At the Black Hat Europe 2017 conference, a number of security flaws were discovered in popular programming languages. Interpreters of these languages contain serious security flaws, which then expose the resulting code to different types of attacks. The new analysis is based on Fernando Arnaboldi, who works as the security consultant at IOActive.
In testing, a fuzzing method was used, where invalid, unexpected, or simply random data were input to the program. This allows the induction of commonly untested conditions that do not correspond to normal usage, but may be misused for targeted attack.
Fuzzing lets you detect crashes, poor memory work, or unexpected program behavior. This is not a novelty, these techniques have been used for a very long time, like Google. Recently, a number of bugs have been discovered in Linux USB drivers.
For this purpose, Arnaboldi wrote his own XDiFF fuzzer (eXtended Differential Fuzzing Framework), which he released on GitHub. It is written to generate rights for the five languages mentioned. For each of them, he chose a set of basic functions to which he then puts various types of inputs (payloads).
In order to detect vulnerabilities in the code, you need to choose the correct inputs. So the author chose less than three dozens of primitive values (numbers, characters, etc.) that added a well-known payload. He was chosen to allow the test application to try to access external resources - something unexpected.
Differential fuzzers are less common than conventional ones. Their functionality is enhanced by the fact that they usually test one code on multiple implementations of the same language and look for different behaviors. For example, the outputs and error messages with expected status are compared.
Specifically, it monitors whether the program discovers the contents of local files, triggers a foreign code, or calls unusual operating system features. This challenging work brought its fruit, each of the tested programming languages has some problem:
Arnaboldi warns that a potential attacker can exploit these mistakes even in a program that is otherwise written very safely.

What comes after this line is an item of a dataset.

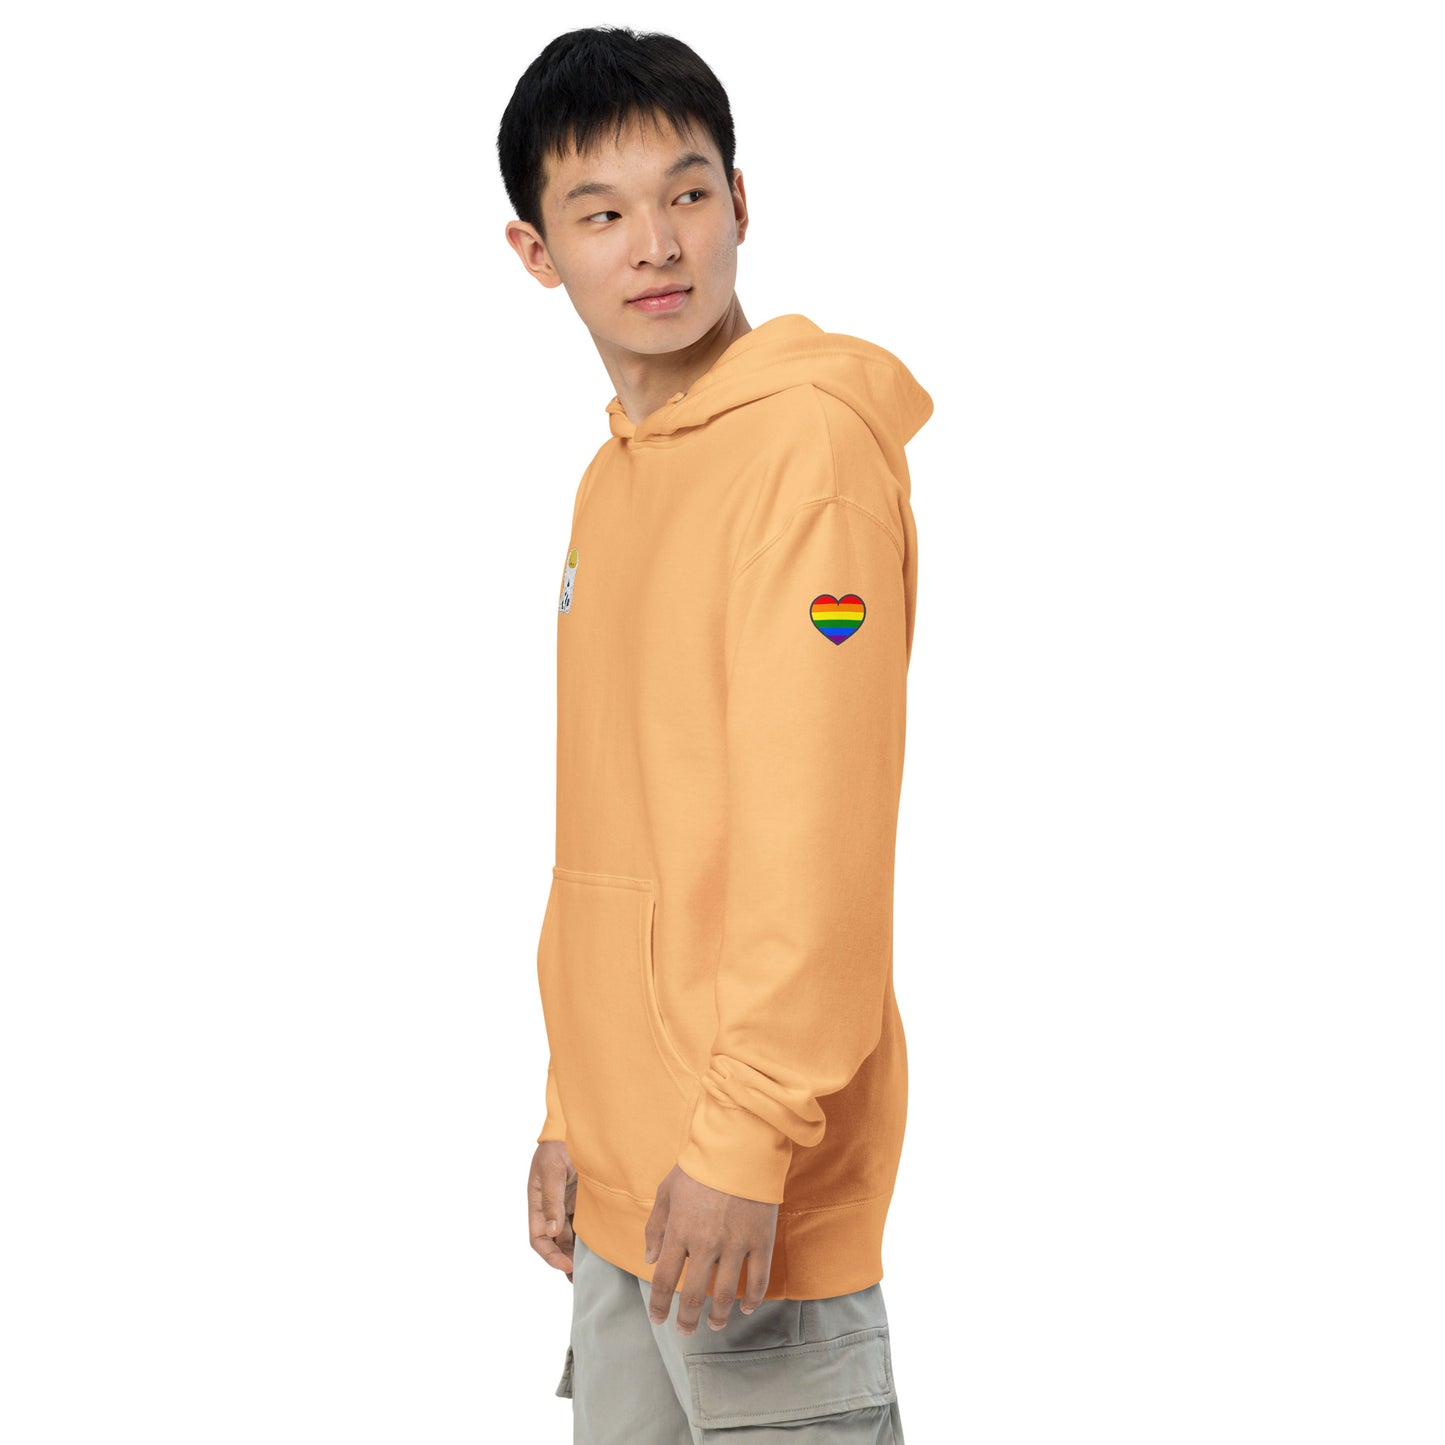 Jelly Eggy Compainion Hoodie.

Because the programs are in the interpreter, the programmer can hardly be affected. Unknowingly, when writing his or her code, he uses dangerous functions that are abusive even if the rest of the program is written exactly according to the rules of secure programming.
According to the discoverer of security issues, it is likely to be a bug in the code or an attempt to simplify development. Errors unambiguously endanger the resulting programs, but should be corrected in interpreters. Such a patch will then resolve issues across all programs using the language.